My Lords, I rise very briefly to thank the Minister for her response. I appreciate the comments made by the noble Baroness, Lady Thornhill. In the future, we will look to work with colleagues across the House to see where we are on this. In the meantime, I beg leave to withdraw my amendment.
My Lords, at this late stage of the evening, I will be brief in speaking to Amendment 65 in the name of my noble friend Lady Taylor of Stevenage. The amendment would require the Government to publish their response to their consultation on a cap on ground rents and set out its implementation within a month of the Bill passing. It is a pleasure to follow the noble Baroness, Lady Pinnock. She described ground rent as something for nothing and something that you would not get away with in Yorkshire. Let me assure her that the noble Lord opposite can confirm that you would not get away with it in Lancashire either.
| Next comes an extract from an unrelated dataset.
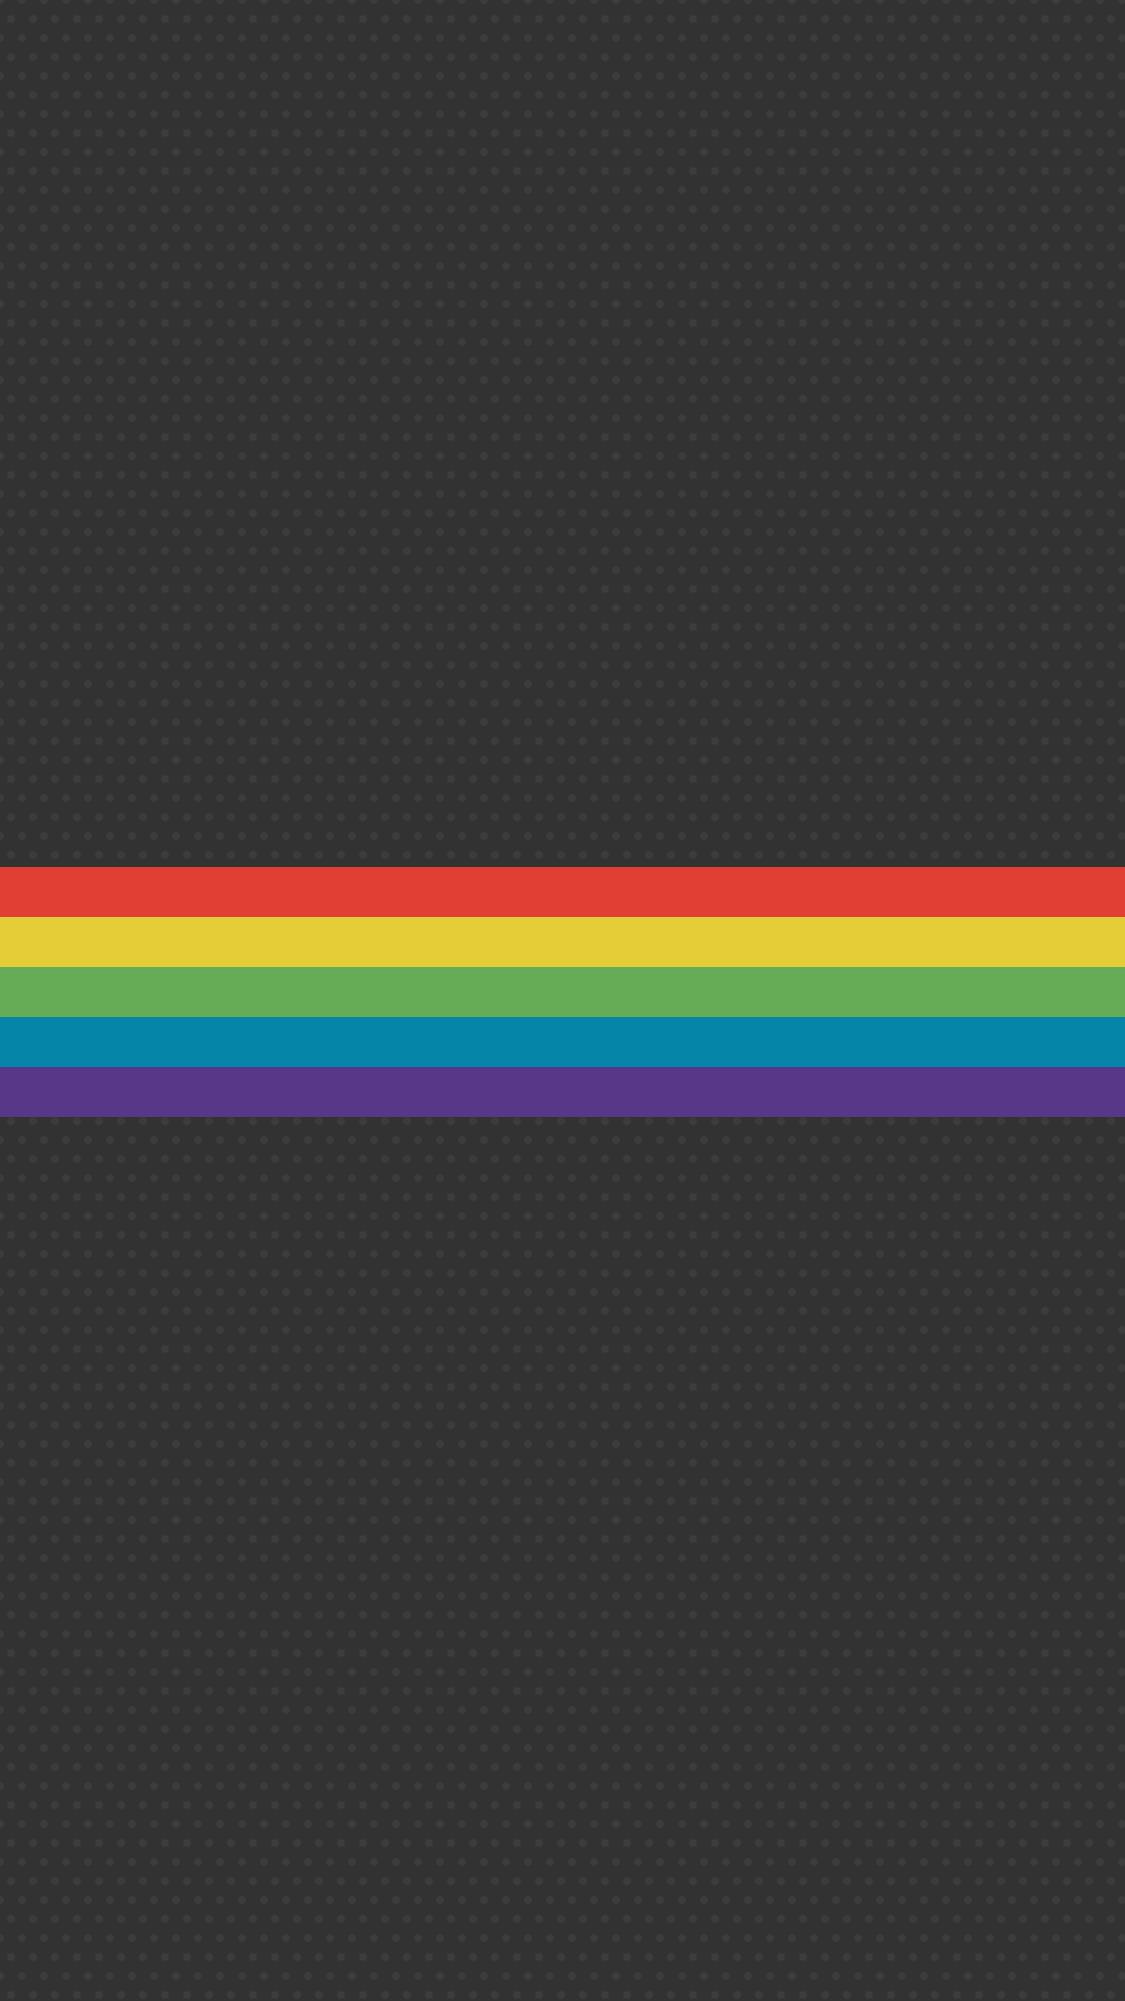 Pin By Cyn Thompson On Rainbow Wallpaper Rainbow Wallpaper Wallpaper Iphone Wallpaper

In the past five or six days we have seen a lot of press in relation to the new £250 yearly ground rent cap for 20 years. However, we still have not had confirmation here at this stage of the Bill from the Government. I want to press the Minister on the comments of the Secretary of State, who said in November that the
“consultation was launched to help protect those leaseholders who can be faced with ground rent clauses in their leases, which result in spiralling payments with no benefit in return”.
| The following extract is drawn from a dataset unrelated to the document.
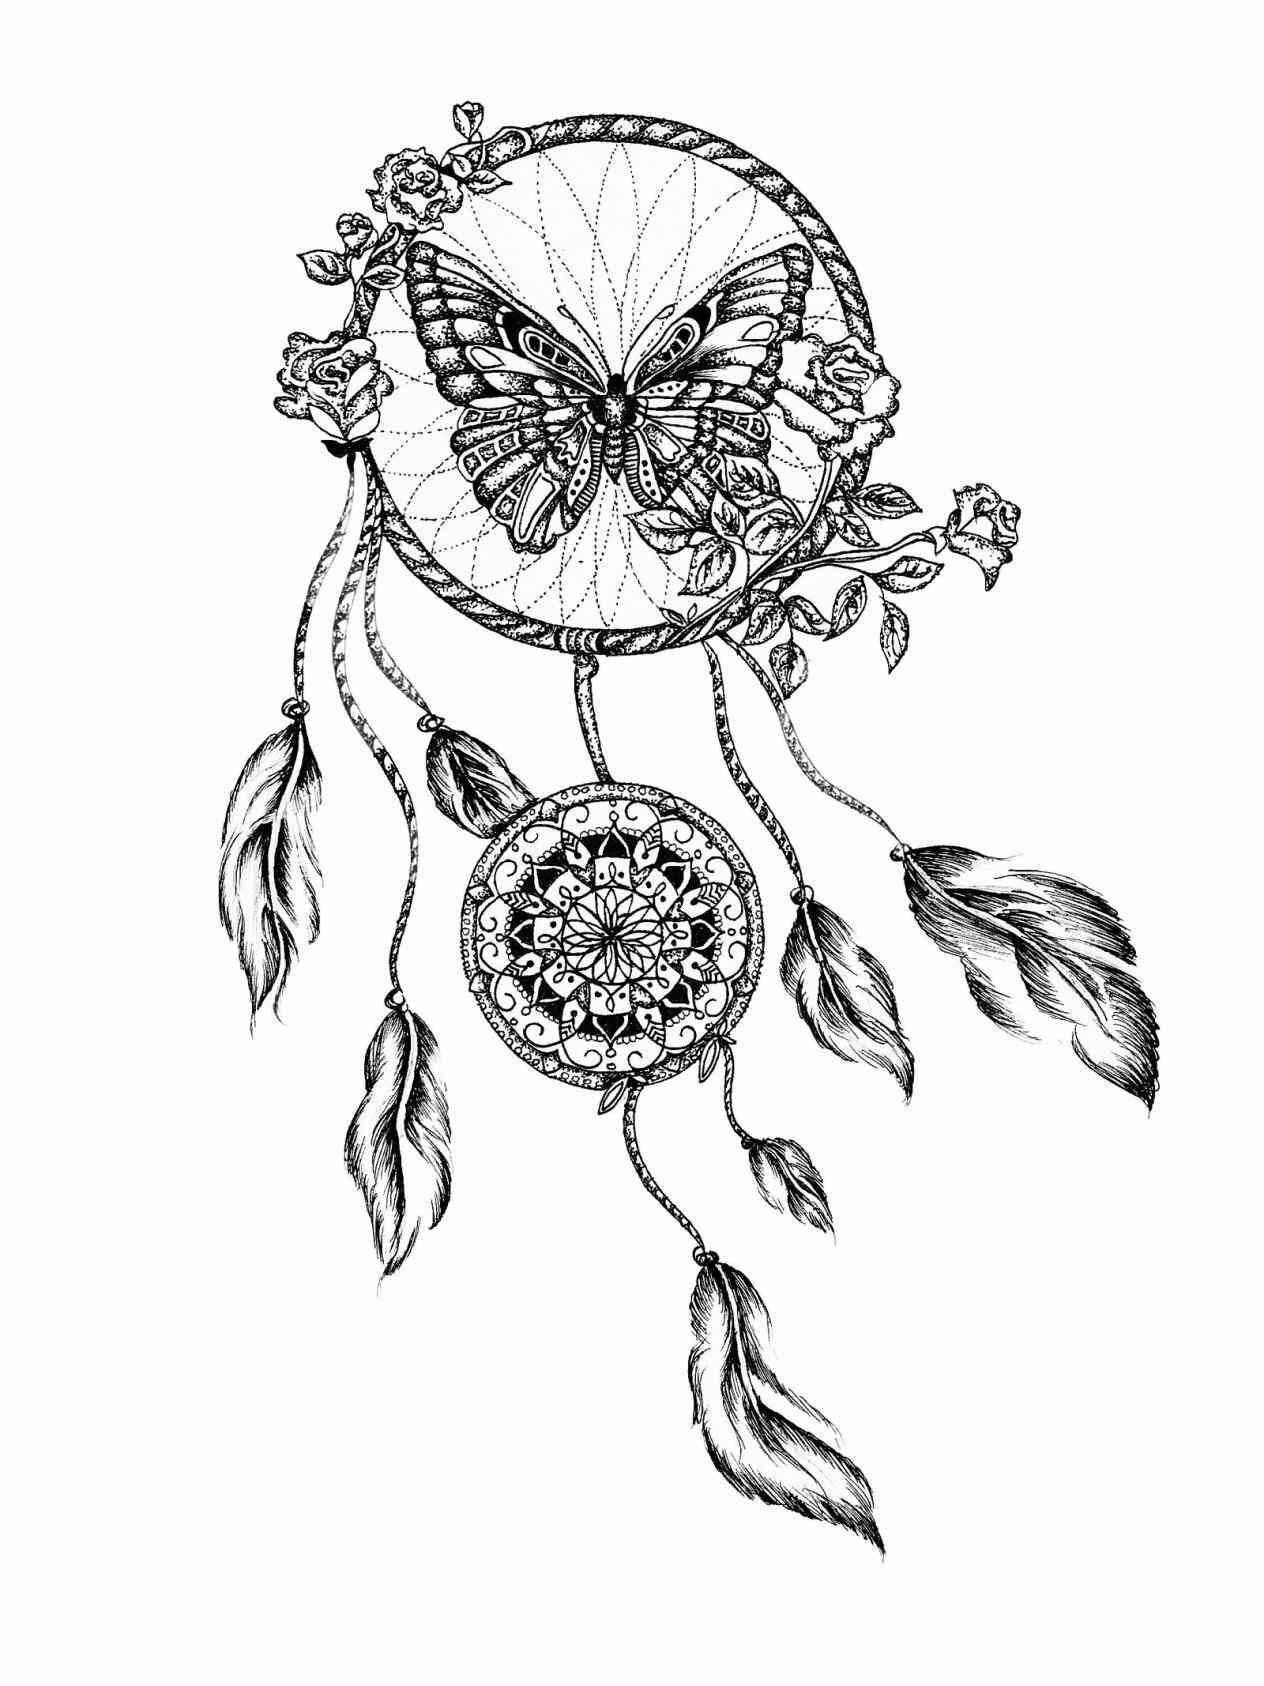 1264x1686 Dreamcatcher Drawings

How are those press announcements happening, when we have not had a consultation analysis and we have not had feedback on the findings of the consultation? We find out in the media what the Government are thinking, and that is not right; we challenge that operation and procedure as a way of working, whereby we find in the media numerous reports about the Government’s intentions.
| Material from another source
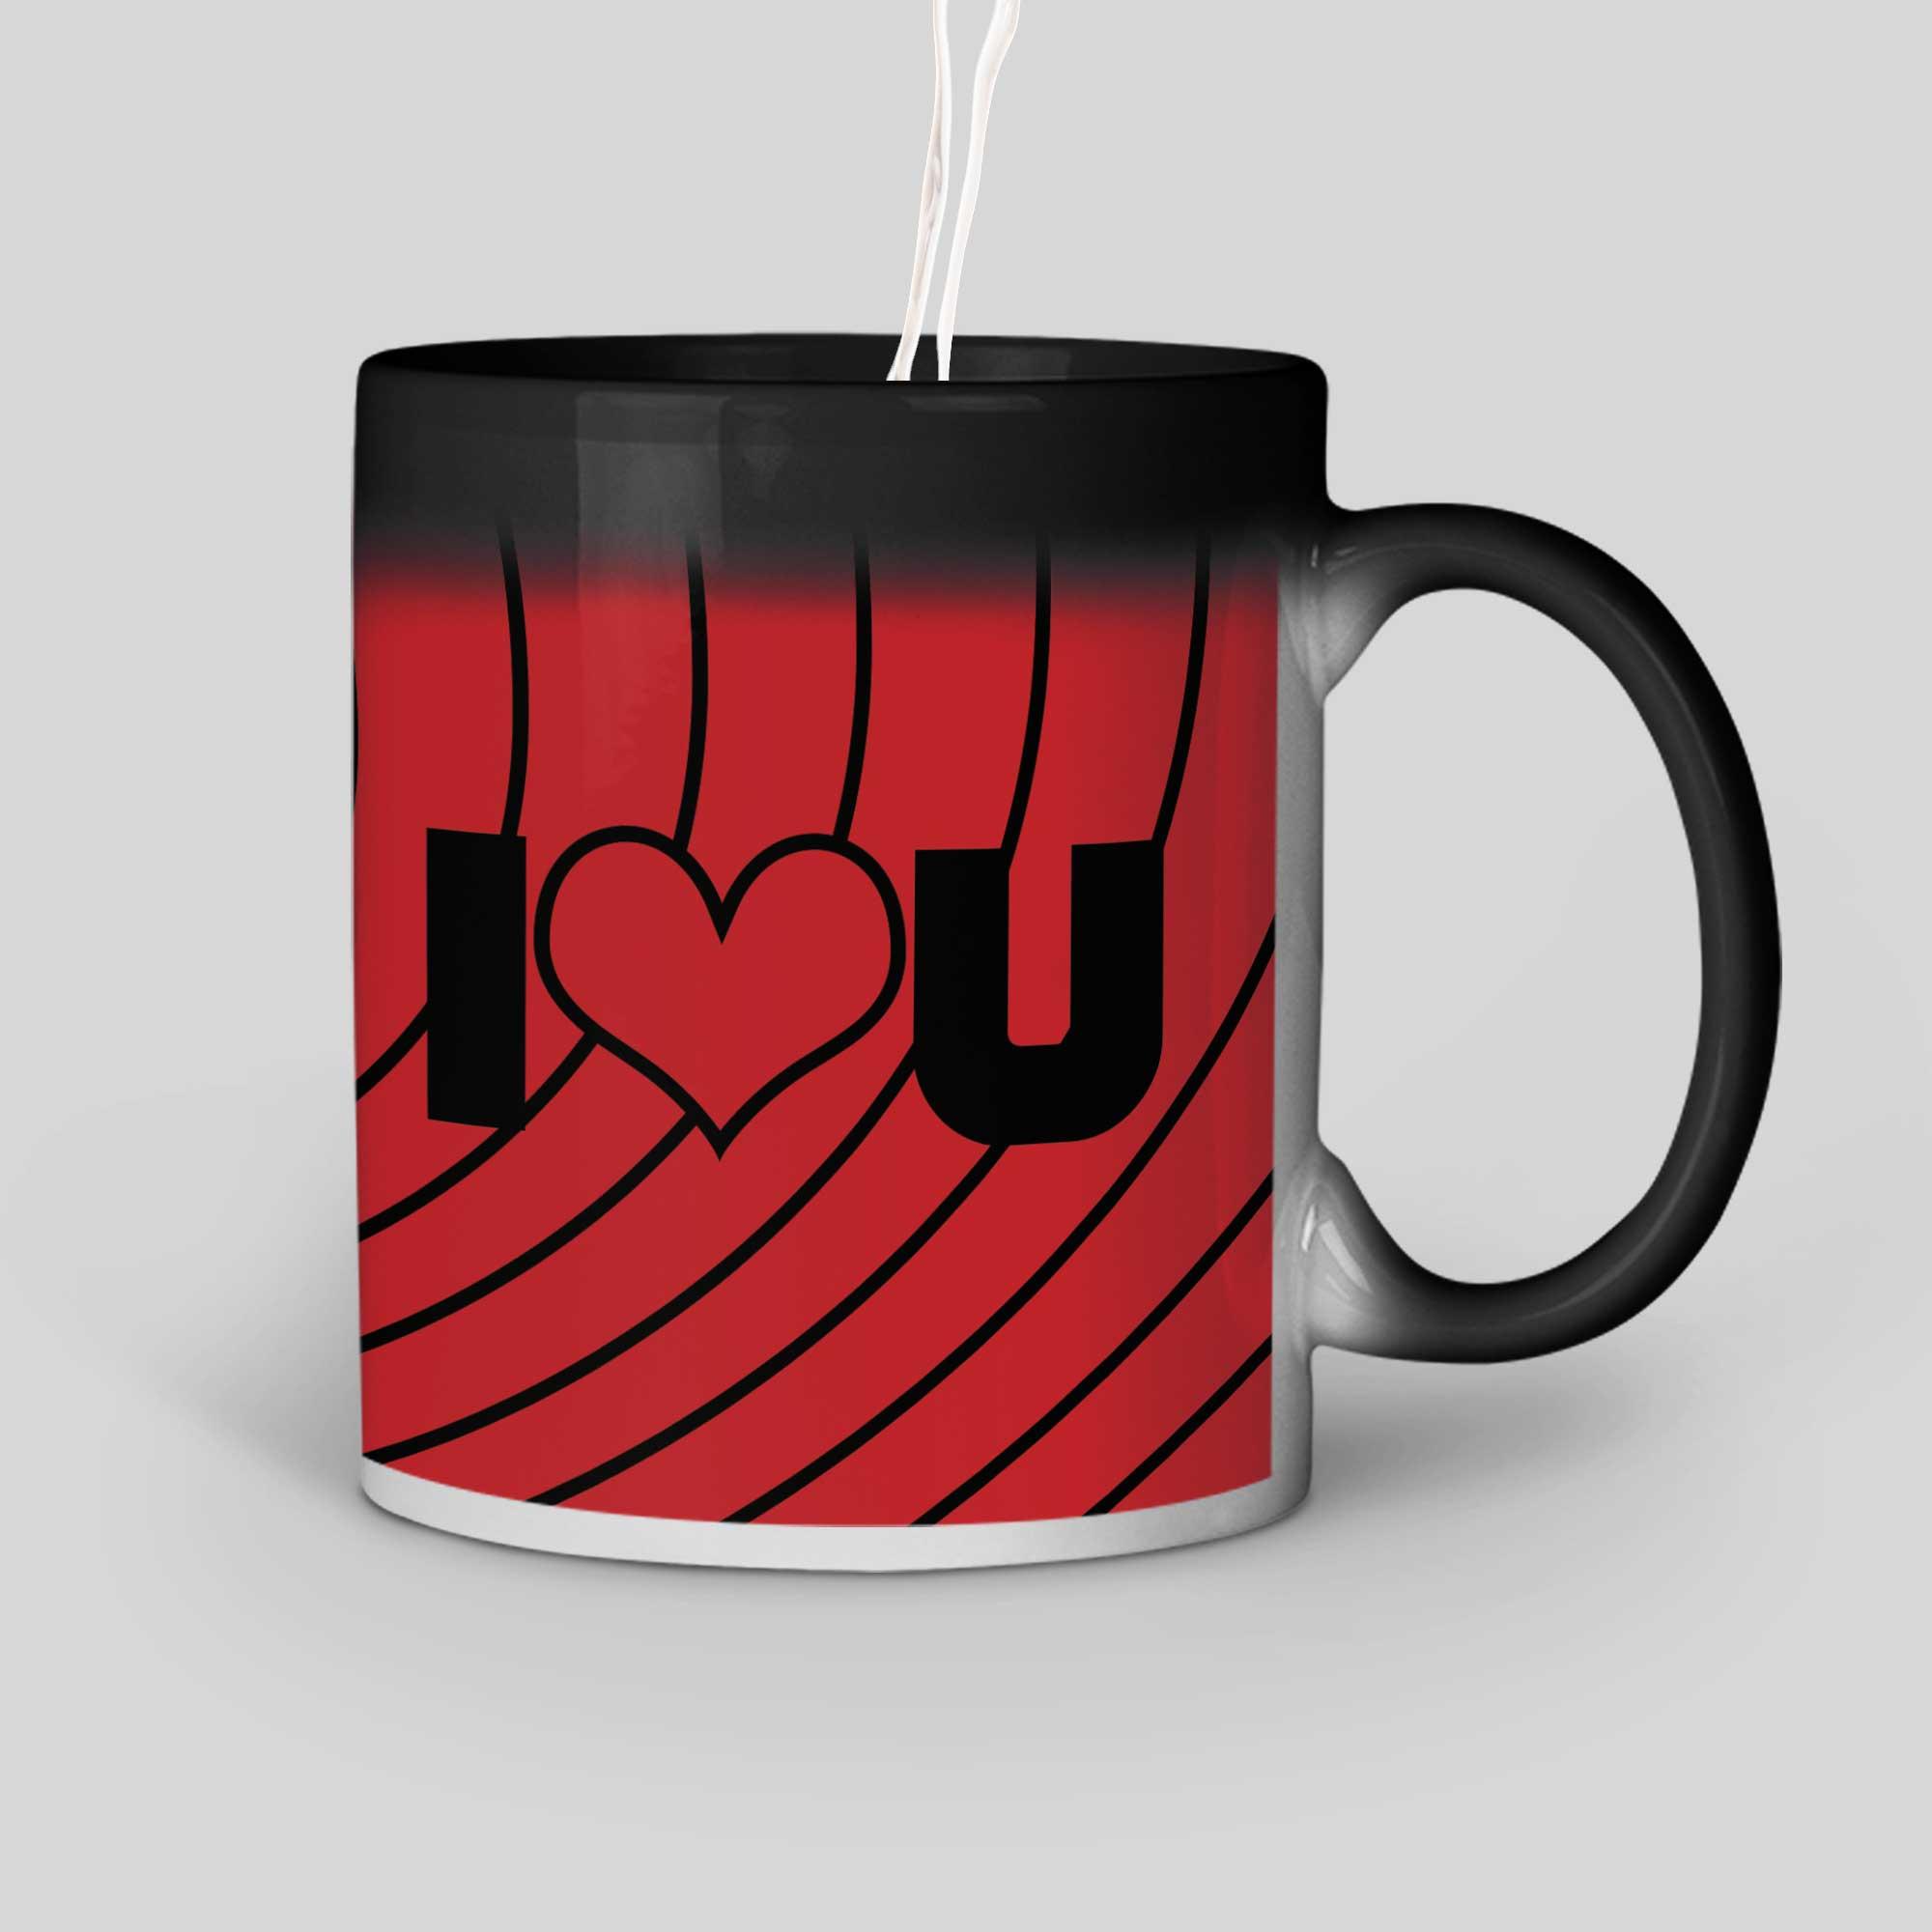 I Love You Personalized Magic Mug Right Side

I think there was a question there, and my response is that we went out, quite rightly, to consult, and the consultation did not finish until towards the end of January. This is a complex issue. If we do it badly or wrong then we will make mistakes and these people will potentially be in a more difficult situation. From the end of January to April is not a long time. We are doing it as fast as we can, and we will come back to the House with further details.
I understand the response the Minister has given, but she has to understand that this consultation has its own process and in due course we will look at the analysis. I do not know whether I am accidentally calling for another meeting here, but how did we end up with reports in the newspapers? That causes more uncertainty and instability for people in their homes who are getting their information from the media. Surely there needs to be a statement or some clarification through the next stages of the Bill, so that, very early on, we can look at getting a clear, certain message out to the millions of leaseholders who have been adversely affected by the ground rent situation.
The Government have no control over what goes into the media, and it is something that the Government have to accept.